Фараон щедро покровительствовал своему архитектору, предоставлял в его распоряжение лучших мастеров, лучшие материалы. Царствование владыки началось с кровавой истории, подробности которой Сети ворошить не любил, и очень старался загладить воспоминания о смутных временах чередой громких блестящих дел во славу Египта. Да, слух государя был не слишком восприимчив к музыке камня, но творения жреца впечатляли, заставляли говорить о себе, привлекали в Фивы высоких гостей, знатоков и ценителей, а для фараона это был самый главный, самый убедительный аргумент. Конечно, трудно быть богом, мудрецом, царем и военачальником одновременно, но Сети прежде всего был политиком — ценил и берег нужных людей. И первым среди первых в годы его правления был Имхотеп, фараонов слуга, друг и советник.

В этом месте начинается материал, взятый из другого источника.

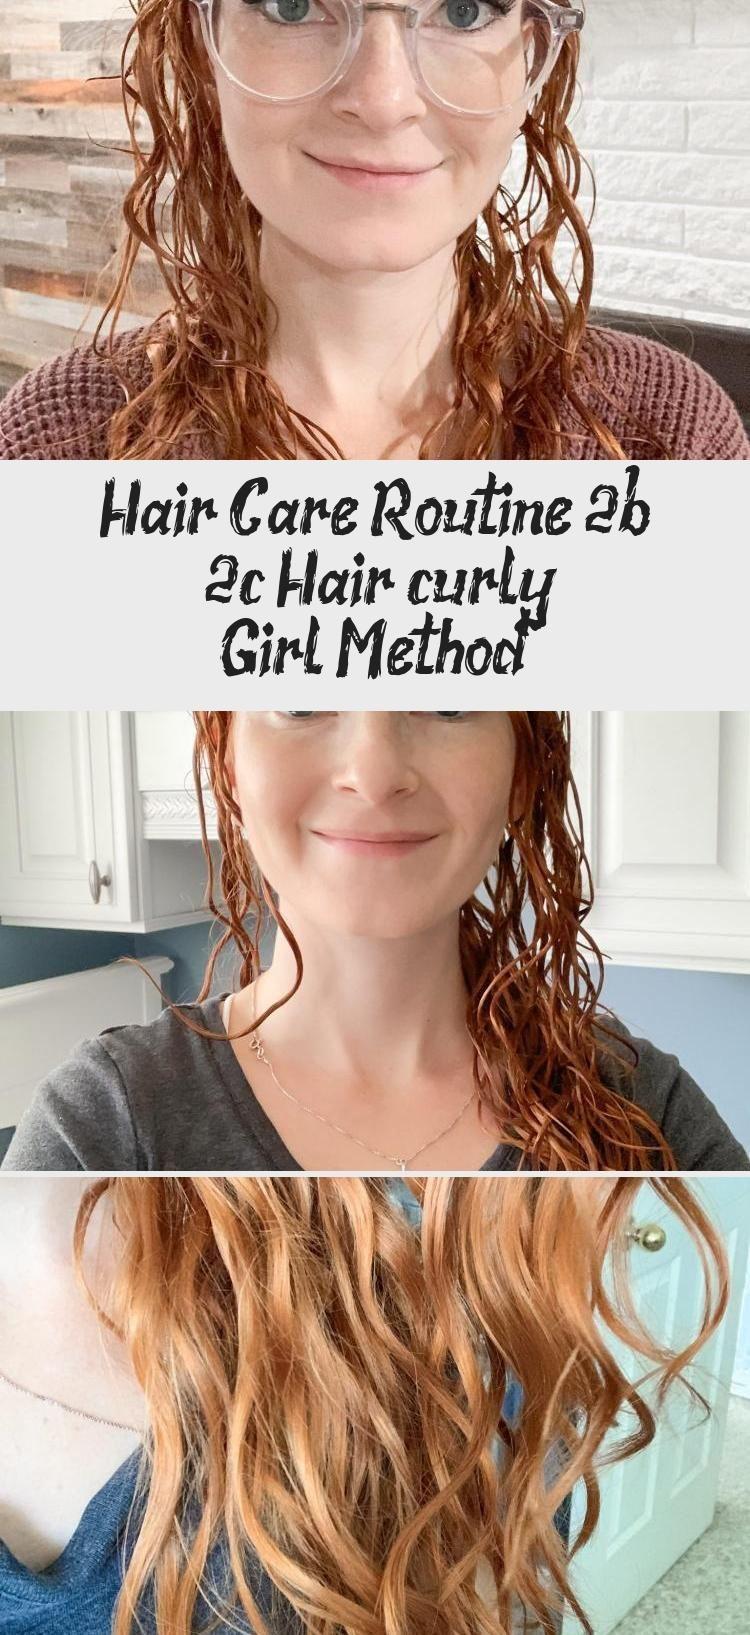 Curly Hair Routine! Curly hair routine, Hair diffuser

Благодаря «дружбе господина и раба», жрецы Осириса стали пользоваться даже большим влиянием, чем богатейший, могущественнейший орден служителей Амон-Ра! Так что фараон, отдавая должное собственному великодушию, частенько поговаривал: он благоволит жрецу вопреки «заслугам» перед троном покойной Мутемуйи — великой интриганки, да помянут боги ее грешную душу…

Забавляясь намеками подобного рода, владыка мира, думаю, совершал ошибку — одну из тех, которые, в конце концов, стоили ему головы. До тех пор, пока Мут была жива, Имхотеп мог, конечно, ссориться с ней по любому поводу, но все-таки эта женщина, со всеми ее невозможными притязаниями, была его матерью… и ее смерти он не простил ни себе, ни своему коронованному другу.

Кстати, фараон терпеть не мог дам, сующих нос в политику. Его первая супруга была идеальной женой воина-царя: воплощенное отдохновение от трудов праведных — статная красавица с глазами газели, молчаливая, свято преданная мужу. Ее раннюю кончину Сети оплакивал долго, безутешно и перенес все обожание на юную принцессу и ее маленького брата. Дочь Нефертири была его любимицей, ей прощалась любая шалость, любая блажь, и Сети даже не слишком замечал, что характером царевна пошла совсем не в мать. Задиру-наследницу вечно тянуло за язык, и по этой причине между девочкой и Имхотепом сложились какие-то странные отношения, шершавые и слегка насмешливые.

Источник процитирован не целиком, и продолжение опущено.